Imatinib (Gleevec/Glivec, Novartis) holds regulatory approval in multiple major markets — US (FDA, 2001), EU (EMA), Japan (PMDA), and Taiwan (TFDA). Its absence from the Singapore HSA registry should be verified directly with HSA prior to any clinical consideration. Named patient or compassionate use programmes may represent an access pathway for eligible patients.
Cytotoxicity
Imatinib is an antineoplastic drug used for malignant conditions (CML, GIST, DFSP). It qualifies for cytotoxicity classification as a targeted antineoplastic agent.
| Item | Content |
|---|---|
| Cytotoxicity Classification | Targeted therapy — Tyrosine Kinase Inhibitor (BCR-ABL / c-KIT / PDGFR-α/β inhibitor); not conventional cytotoxic chemotherapy |
| Myelosuppression Risk | Moderate — neutropenia, thrombocytopenia, and anaemia are commonly reported, particularly in the first months of treatment |
| Emetogenicity Classification | Low to moderate |
| Monitoring Items | CBC with differential (neutrophils, platelets), liver function tests (ALT, AST, bilirubin), renal function (creatinine), body weight and signs of fluid retention/oedema |
| Handling Protection | Follow cytotoxic drug handling regulations for preparation, dispensing, and disposal |
Safety Considerations
Please refer to the package insert for safety information.

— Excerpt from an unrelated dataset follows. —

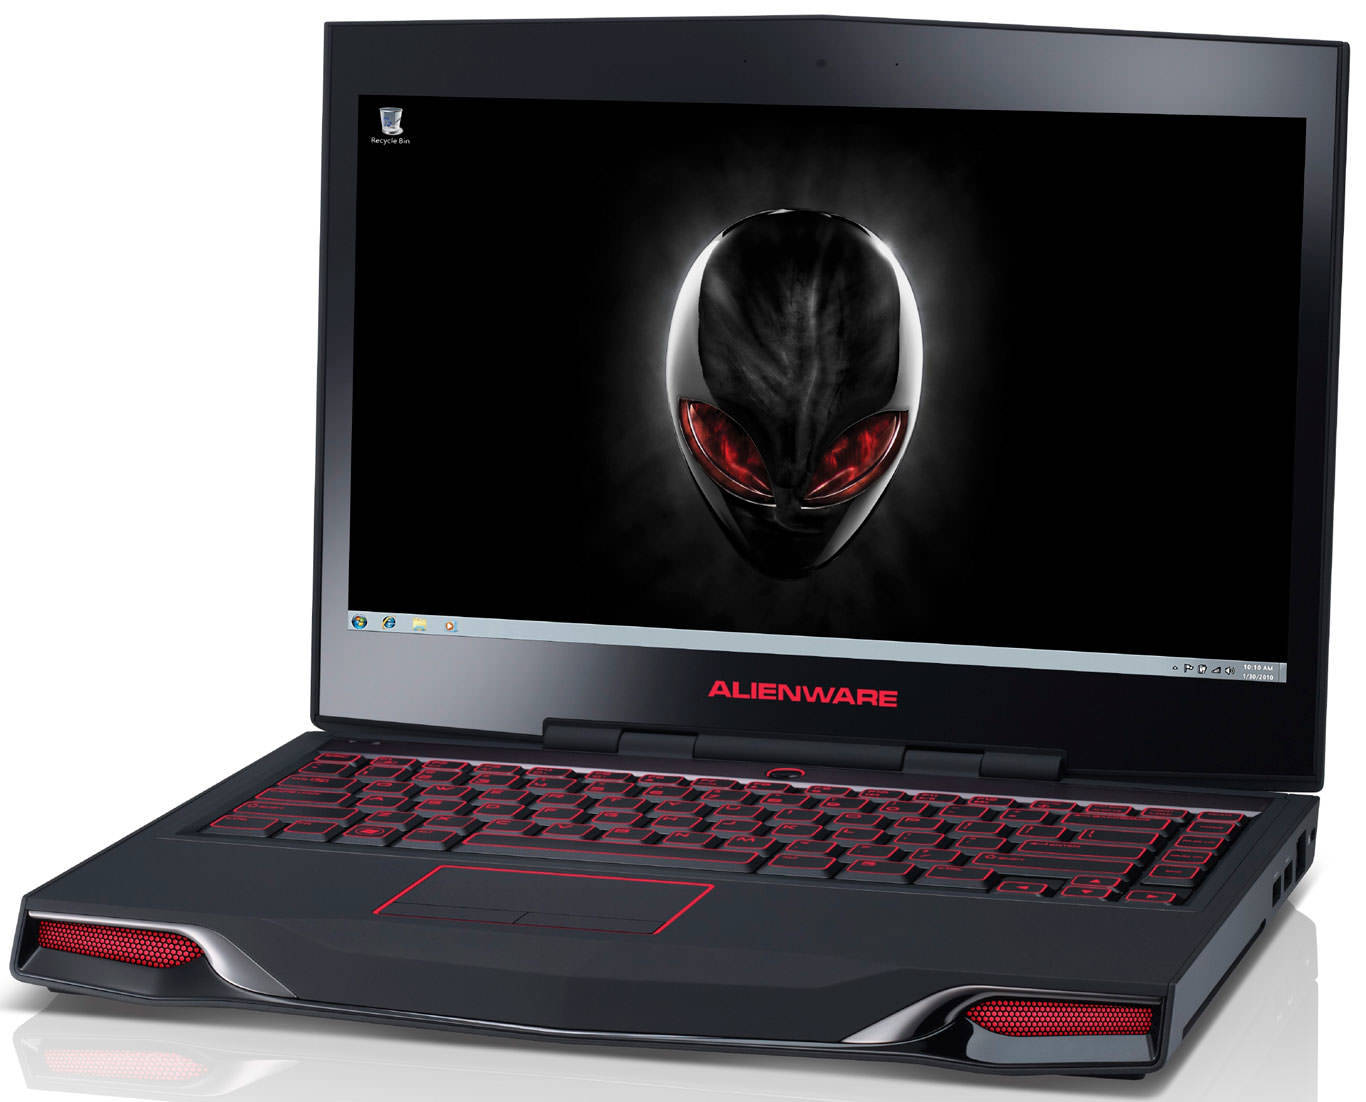 Dell Alienware Laptop M14x Online At Best Price In India 19th Oct Gadgets Now

Safety data (key warnings, contraindications, drug-drug interactions) are not available in the current dataset. A full safety review from the official SmPC (FDA/EMA) or package insert is mandatory before any clinical application. Literature signals of note include: severe hepatotoxicity, clinically significant fluid retention/oedema, cardiac toxicity in patients with pre-existing cardiac disease, and DRESS syndrome (drug reaction with eosinophilia and systemic symptoms; PMID 30096127).
Conclusion and Next Steps
Decision: Proceed with Guardrails (for Fibroblastic Neoplasm / DFSP)
Rationale: Imatinib has FDA approval (2006) for unresectable/metastatic DFSP driven by the COL1A1-PDGFB t(17;22) translocation, supported by Phase 2 clinical trials and endorsed by the 2025 European interdisciplinary guideline. This is one of the most mechanistically validated examples of TKI repurposing in soft tissue oncology. The principal barrier to use in Singapore is the absence of local HSA registration.

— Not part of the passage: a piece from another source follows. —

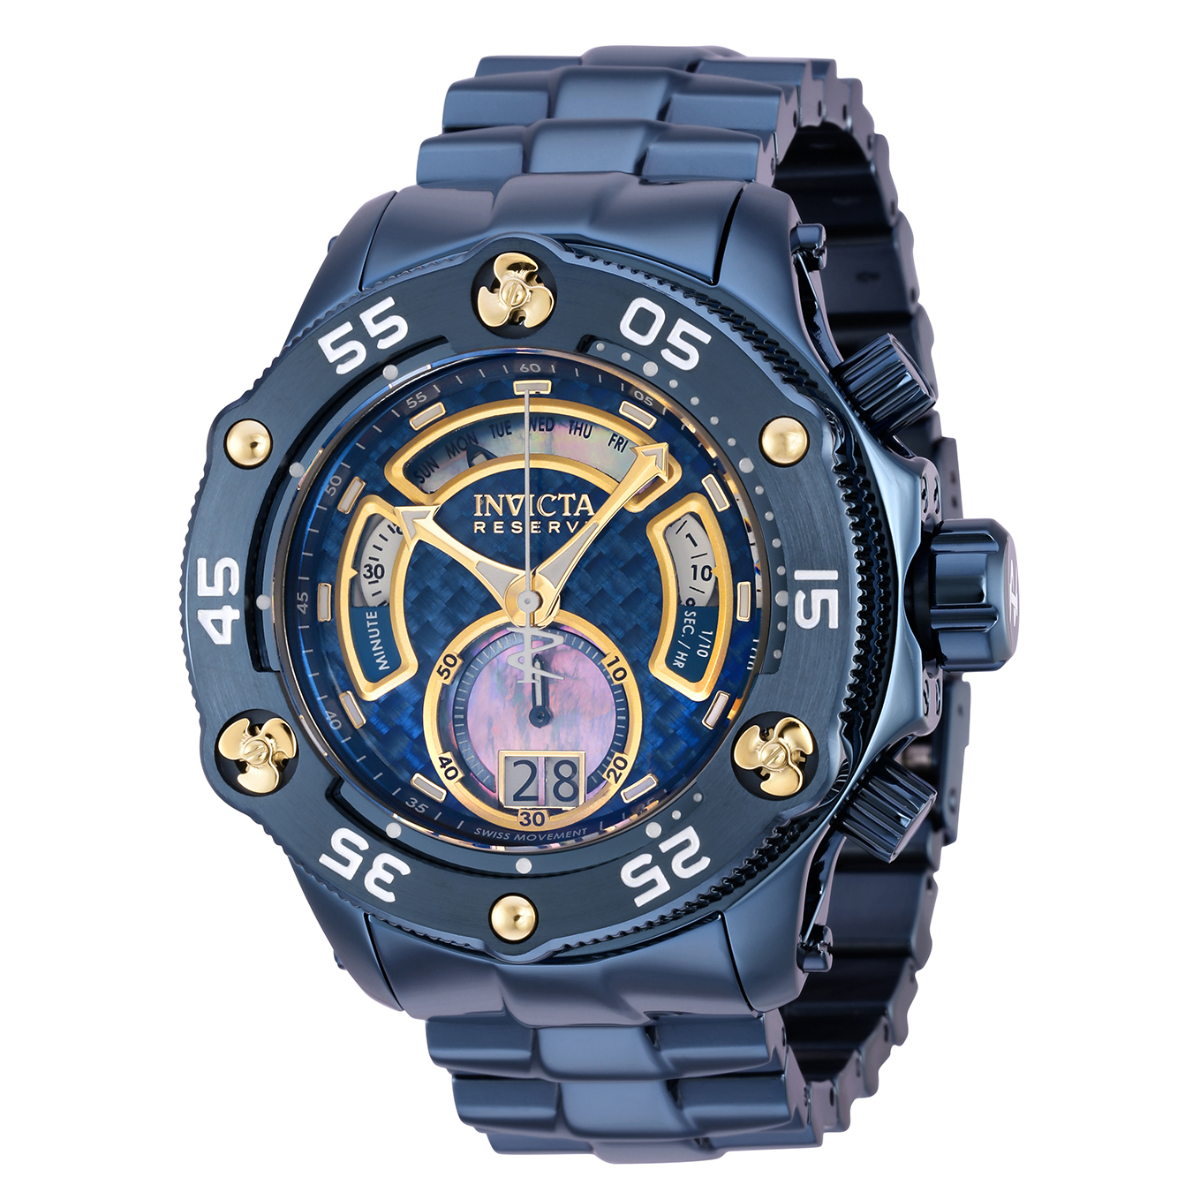 Invicta Reserve Excursion Men's Watch w/Mother of Pearl, Oyster Dial - 52.00mm, Dark Blue (36012)

To proceed, the following is needed:
- Singapore regulatory pathway: Verify HSA registration status or initiate a compassionate use / named patient programme for DFSP indication
- Full safety review: Obtain and review the complete imatinib SmPC/package insert (FDA or EMA) for warnings, contraindications, and drug interactions before any clinical application
- Molecular pre-screening: Confirm COL1A1-PDGFB t(17;22) translocation by FISH or RT-PCR in all DFSP patients prior to initiating imatinib therapy, as response is translocation-dependent
- MOA documentation: Complete DrugBank/literature-based formal documentation of mechanism of action (currently a data gap)
- Indications for further research (L3 — Research Question): Conventional fibrosarcoma, kidney fibrosarcoma, and liposarcoma each require dedicated molecular profiling and feasibility assessment before any therapeutic consideration
- Hold indications: Low grade fibromyxoid sarcoma (FUS-CREB3L2 driven), familial Mediterranean fever (MEFV/pyrin driven), ovarian myxoid liposarcoma (FUS-DDIT3 driven), and familial rhabdoid tumour (SMARCB1 loss driven) lack mechanistic justification for imatinib use and should not be pursued without substantial new evidence
This report is for research purposes only and does not constitute medical advice. All repurposing candidates require clinical validation before therapeutic application. Data cutoff: 2026-04-04.
Disclaimer
This content is for research purposes only and does not constitute medical advice. Clinical validation is required before any clinical application.